Objective: We determined the teratogenic effects of terbutaline and ritodrine, both beta 2-sympathomimetic agonists, on the stage 24 (4-day) chick embryo.
Study design: We used a topical method of application of terbutaline or ritodrine to the stage 24 chick embryo in ovo. Doses of terbutaline ranged from 5.5 x 10(-10) to 6.5 x 10(-9) mol per embryo, and ritodrine doses ranged from 4.6 x 10(-11) to 4.6 x 10(-8) mol per embryo. To further determine the pharmacologic nature of the teratogenic potential of terbutaline or ritodrine, the experiments were repeated after pretreatment with butoxamine hydrochloride, a preferential beta 2-antagonist, or metoprolol tartrate, a preferential beta 1-antagonist, 4 hours before application of terbutaline or ritodrine.

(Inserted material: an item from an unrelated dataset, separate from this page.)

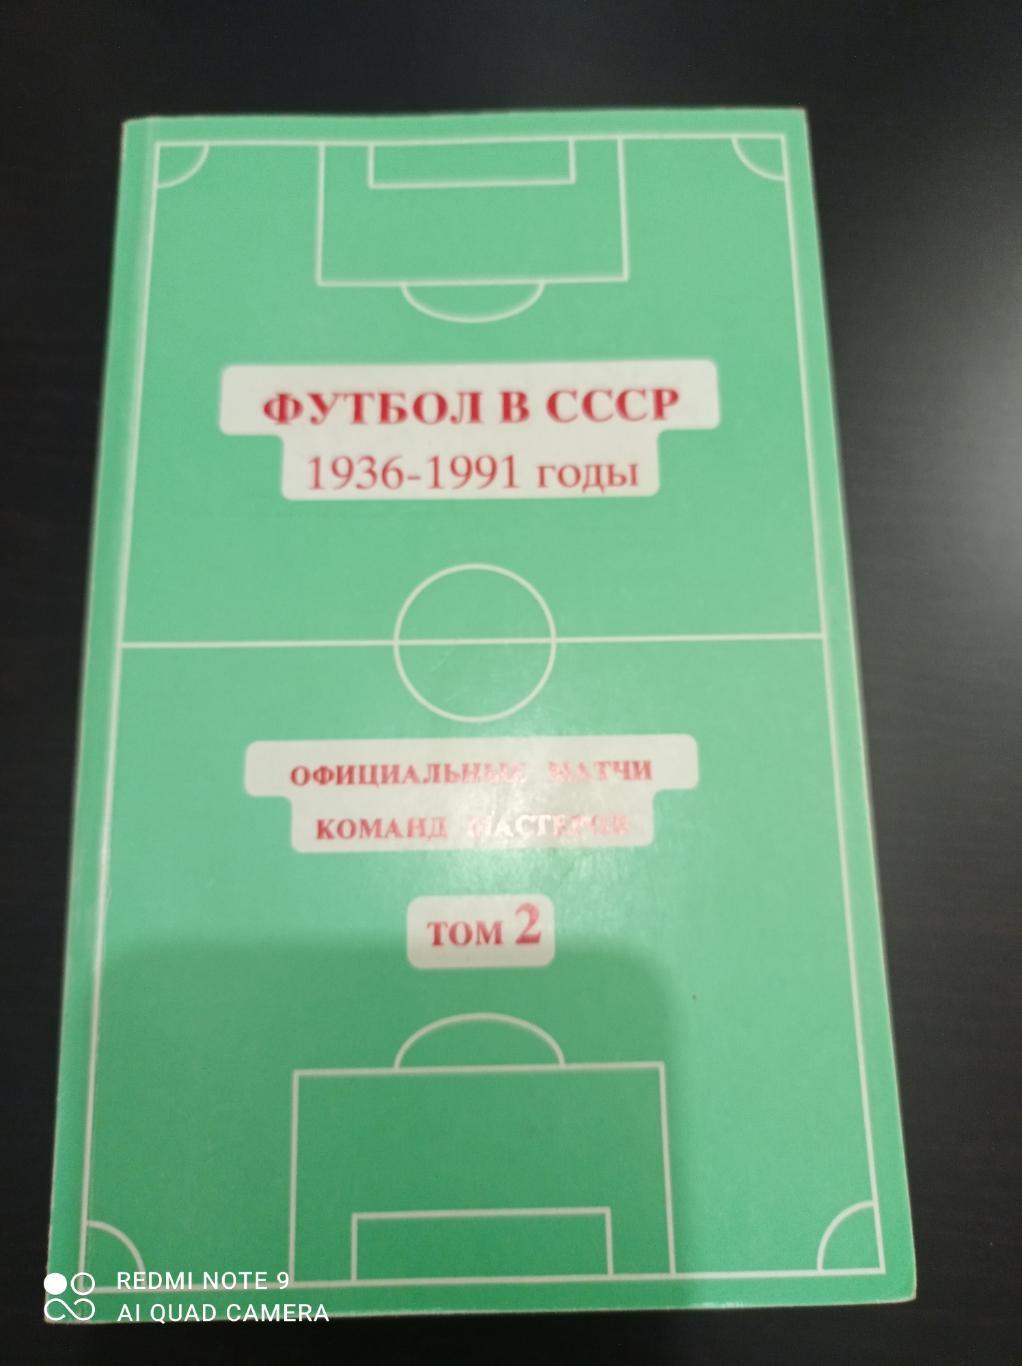 Футбол в СССР том 2

Results: Terbutaline treatment was associated with significantly higher rates of anomalies than in controls at all dosages used, whereas ritodrine induced significantly more anomalies at or above doses of 4.6 x 10(-9) mol per embryo. At an equimolar dose pretreatment with butoxamine hydrochloride significantly reduced the cardiovascular teratogenic effects of terbutaline and ritodrine. Pretreatment with metoprolol tartrate at any dose did not significantly reduce terbutaline's potential. Metoprolol, at doses tenfold or 100-fold higher than ritodrine, was able to significantly reduce the teratogenic effects of ritodrine.
Conclusions: Our data suggest that terbutaline and ritodrine are teratogenic in the chick and that these agents exert their teratogenic effects primarily through stimulation of the beta 2-adrenergic receptor.